Malignant abdominal fluid (ascites) frequently develops in women with advanced high-grade serous ovarian cancer (HGSOC) and is associated with drug resistance and a poor prognosis. To comprehensively characterize the HGSOC ascites ecosystem, a team led by researchers at the Dana-Farber Cancer Institute used single-cell RNA sequencing to profile ~11,000 cells from 22 ascites specimens from 11 patients with HGSOC. They found significant inter-patient variability in the composition and functional programs of ascites cells, including immunomodulatory fibroblast sub-populations and dichotomous macrophage populations. They found that the previously described immunoreactive and mesenchymal subtypes of HGSOC, which have prognostic implications, reflect the abundance of immune infiltrates and fibroblasts rather than distinct subsets of malignant cells. Malignant cell variability was partly explained by heterogeneous copy number alteration patterns or expression of a stemness program. Malignant cells shared expression of inflammatory programs that were largely recapitulated in single-cell RNA sequencing of ~35,000 cells from additionally collected samples, including three ascites, two primary HGSOC tumors and three patient ascites-derived xenograft models. Inhibition of the JAK/STAT pathway, which was expressed in both malignant cells and cancer-associated fibroblasts, had potent anti-tumor activity in primary short-term cultures and patient-derived xenograft models. This work contributes to resolving the HSGOC landscape and provides a resource for the development of novel therapeutic approaches.
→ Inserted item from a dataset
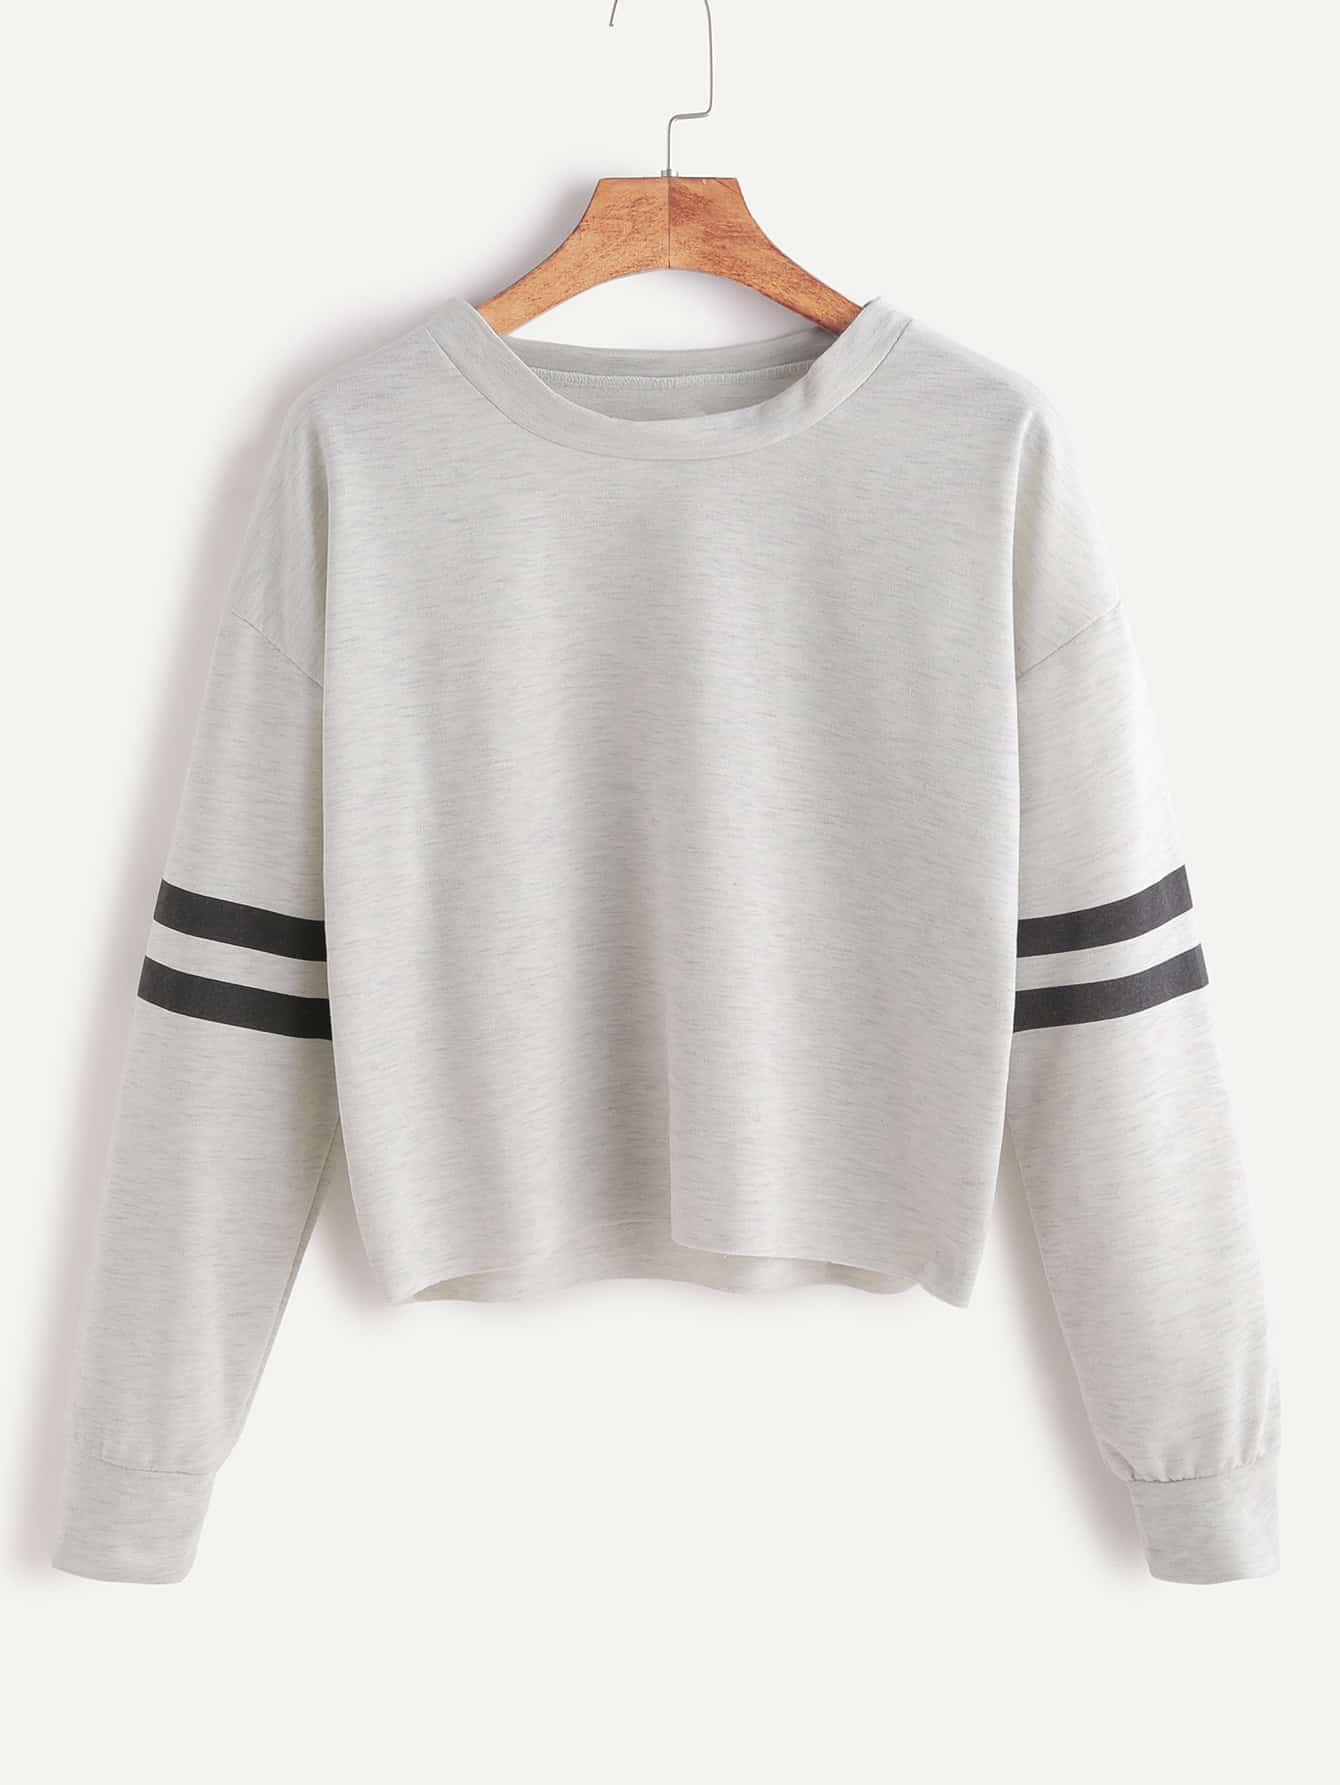 Heather Grey Drop Shoulder Varsity Striped Crop T-shirt RTSH161104106

Clustering and characterization of malignant and non-malignant
cell clusters in patient ascites by droplet scRNA-seq
a, t-stochastic neighborhood embedding (tSNE) of 9,609 droplet-based scRNA-seq profiles from 8 samples , colored by unsupervised cluster assignment. b, Cluster 9 is an inflammatory subset of CAFs. Comparison of the average expression (log2(TPM + 1)) of each gene in CAF cluster 9 (y axis) vs. CAF clusters 6 and 7 (x axis). Red: immunomodulatory genes. c, CAF diversity observed within a single sample. Differential expression (log2(TPM + 1)) between CAF8 and CAF6/7 cells in patient 5.1 only of the top up- and down- regulated genes from (b). (d–f) Two distinct macrophage programs. d, Hierarchical clustering of macrophages (rows, columns) from cluster 10 from either Patient 5.0 (left) or Patient 6 (right). Shown are the Pearson correlation coefficients (color bar) between expression profiles of macrophages, ordered by the clustering. Yellow lines highlight the separation into two main clusters. e, Left: Differential expression (log2(fold change)) for each gene (dot) between the two clusters identified in (d) for Patient 6 (x axis) or patient 5 (y axis), demonstrating high consistency. Top left corner: Pearson’s r. Genes significantly differentially up or down regulated in both patients are marked in red and blue, respectively. Middle and Right: Expression levels (color bar, log2(fold change)) of the highlighted differentially expressed genes from the left panel (rows) across macrophages from Patient 5 (middle) and Patient 6 (right) sorted by the hierarchical clustering of (d). (f) As in (e) for each other samples tested. Right panel: correlation between the average expression of cluster 1 and cluster 2 genes across cells from each of the samples tested.